Former JPMorgan Chase & Co. trader Damien Bombell, who left when the bank closed a unit that bet on commodities last year, started a hedge fund to invest in metals, grains and energy.

The Strand Global Macro Fund began investing this year with money provided by Bombell and his partners, he said in a telephone interview. The fund plans to start trading with capital from outside clients in January, and is seeking to have at least $200 million under management, he said.

“The reason why people should invest in strategies like mine is that we are not in an investing environment anymore,” he said in an Oct. 7 interview. “For the next five to 10 years, we are likely to be in a very disjointed market place, where politicians lurch from one crisis to another. You need tactical traders and people who are mentally flexible.”

Bombell, 39, left JPMorgan in November 2010 after the New York-based company told him and other members of the commodities proprietary trading desk it would shut down the unit to comply with U.S. rules that prevent banks from using their own money to wager on markets. He joins traders from firms including Goldman Sachs Group Inc., Citigroup Inc. and Morgan Stanley who’ve left to join or start hedge funds after the Volcker rule restricted risk-taking by banks following the collapse of Lehman Brothers Holdings Inc. and Bear Stearns Cos. in 2008.

20% Return Target

Hedge-fund startups had the most active first six months of the year since before the financial crisis, helped by investors seeking higher returns as central banks hold interest rates near record lows. Money managers founded 578 new hedge funds during the first six months of 2011, the most since the first half of 2007, according to Chicago-based Hedge Fund Research Inc.

The Strand fund will try to produce annual returns of 15 percent to 20 percent, said Bombell, who serves as chief investment officer of Zug, Switzerland-based Strand Asset Management AG.

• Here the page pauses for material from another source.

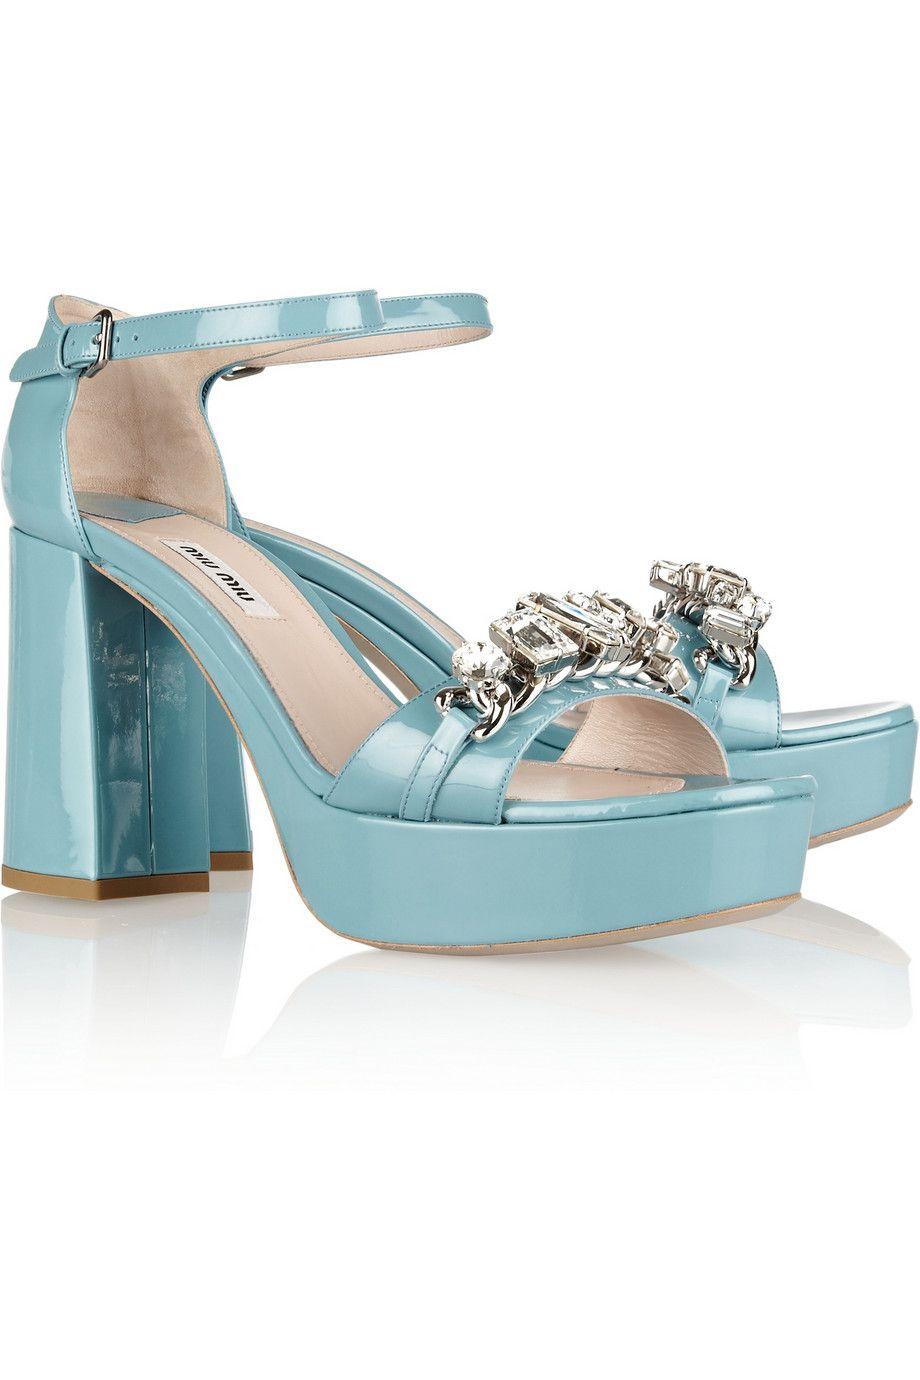 3f5ee52312d Easter shoes!!! Miu Miu

Hedge funds are private pools of capital whose managers can buy or sell assets and bet on falling as well as rising prices. The Strand fund, like many of its peers, will charge clients 2 percent of assets under management to cover costs plus 20 percent of any profits.

Commodity prices as measured by the Standard & Poor’s GSCI Spot Index of raw materials gained 5.2 percent last week, erasing losses for the year. The increase, the biggest weekly jump since December, came after investors gained confidence that European policy makers would take steps to bolster the region’s banks. Oil and copper declined in August and September on concern that Europe’s debt crisis would hurt demand for commodities by spurring a global recession.

Bombell, who was born in Sydney, said the Strand fund is buying Arabica coffee based on his view that demand will outstrip supply. He’s also becoming “quite bullish” on Brent crude oil, predicting a “nasty situation” in which it could rise to $150 a barrel from about $110.

“That would ensure a global recession in 2012, regardless of the fix being found for euro zone banking and sovereign problems,” said Bombell.